Dans sa longue et belle introduction aux Veilles de Bonaventura parue en 1804, Pierre Péju a parfaitement raison d'écrire que ce texte complexe affirme que «nous sommes condamnés à vivre en tissant notre existence de paroles autour d'un noyau de nuit et de néant» (1), même si la leçon de notre préfacier fait la part un peu trop belle aux marottes contemporaines (2) de la déconstruction cynique et de la mort de l'auteur voire celle de Dieu (3) lorsqu'il déclare : «Les Veilles sont ainsi un message moderne, sans auteur, météorite de mots et d'anecdotes d'une extrême densité, conçu pour fissurer le mur du sérieux, mais annonçant aussi, entre les lignes, que contre ce mur, on risque encore de s'écraser pendant longtemps» (p. 25).
Je me demande si la modernité de ce texte ne réside pas bien davantage dans une nostalgie secrète du divin, quitte à ce que celle-ci se grime sous les traits, en effet, de la bouffonnerie ou de la démence propres à une époque qui a perdu toute vitalité : «Dans les temps vacillants, on répugne à l'idée d'absolu et d'immanence; c'est pourquoi nous n'aimons plus ni la vraie plaisanterie, ni le vrai sérieux, ni la vraie vertu, ni la vraie méchanceté.
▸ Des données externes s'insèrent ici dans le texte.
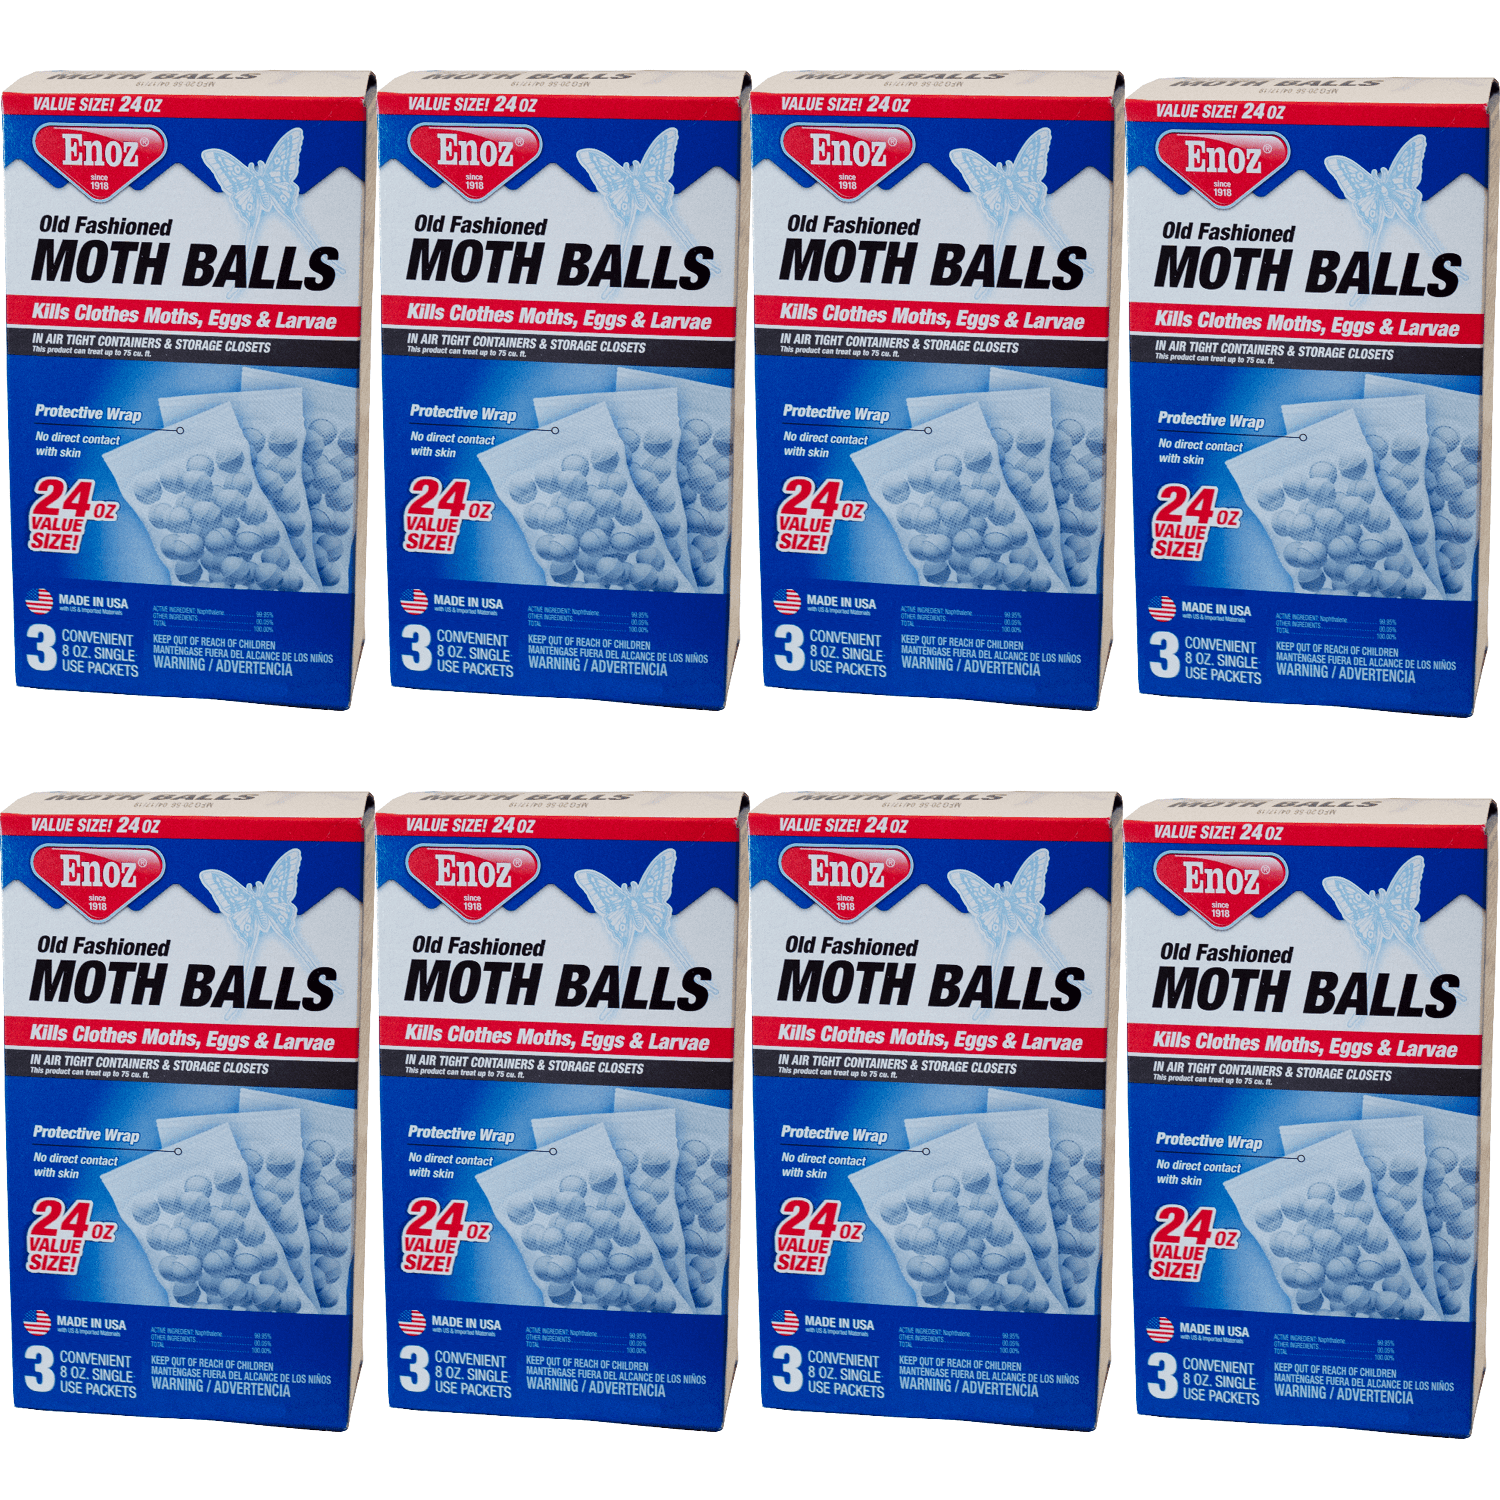 Enoz Old Fashioned Moth Balls, Naphthalene Balls, 24 oz, 3 Single Use 8 oz  Packets 
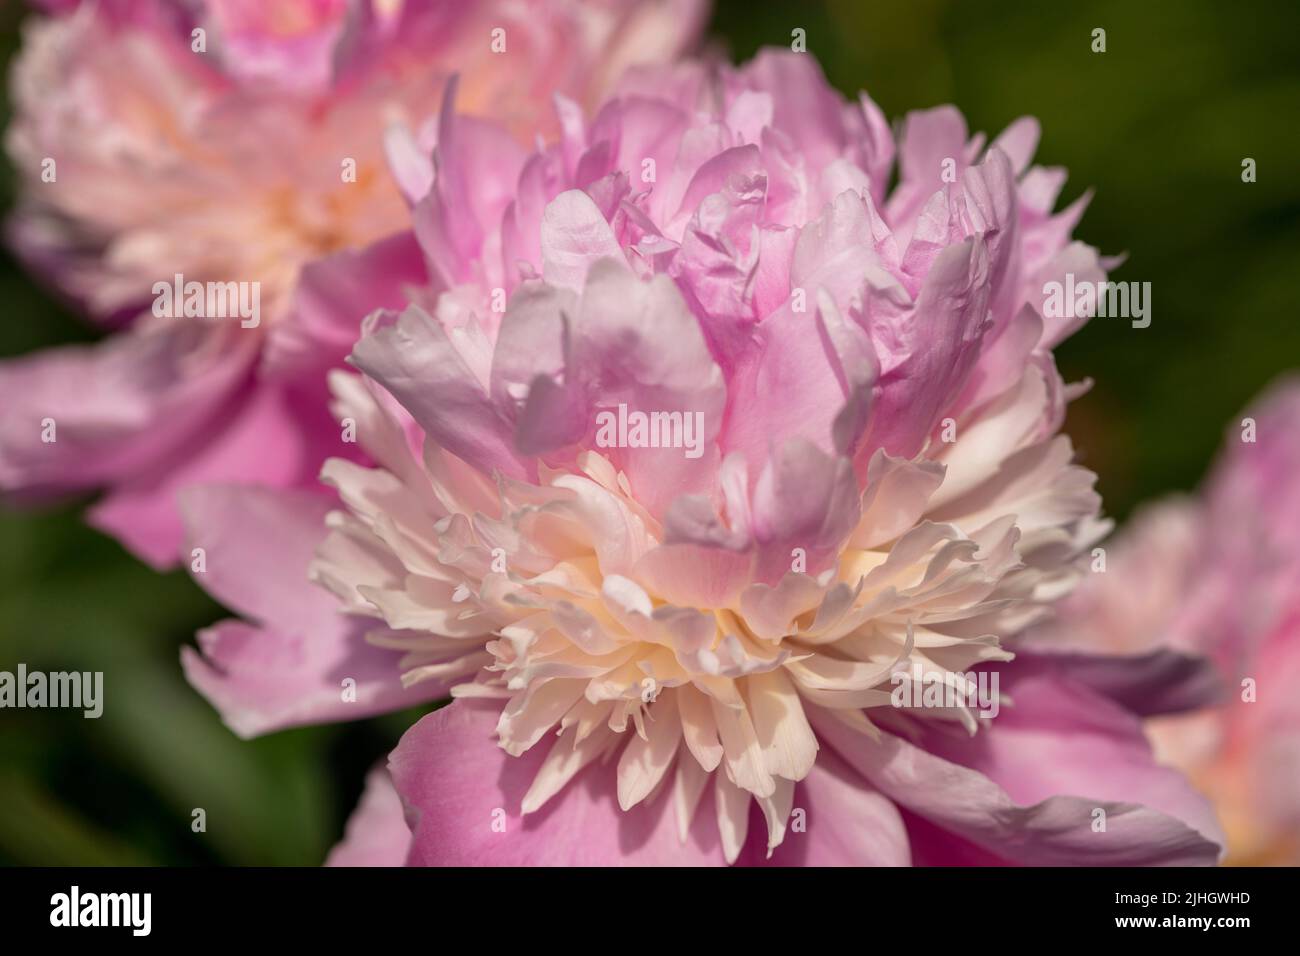 Attractively ruffled Paeonia Lactiflora 'Monsieur Jules Elie’, natural flower portrait Stock Photo

L'esprit du temps est fait de pièces et de morceaux comme un manteau de bouffon, et le pire, c'est que le bouffon qui l'endosse voudrait être pris au sérieux» (Troisième veille, p. 104).
Puisque nous vivons dans un temps vacillant, nous voici désormais bien incapables de pouvoir distinguer le rêve de la veille, ce mélange des deux états constituant une des thématiques du livre de Bonaventura, le veilleur de nuit n'hésitant jamais à rappeler que son plus vif mépris est tout entier dirigé contre les actions commises en plein jour, les hommes ne présentant à ses yeux «quelque intérêt» que lorsqu'ils rêvent (Troisième veille, p. 101).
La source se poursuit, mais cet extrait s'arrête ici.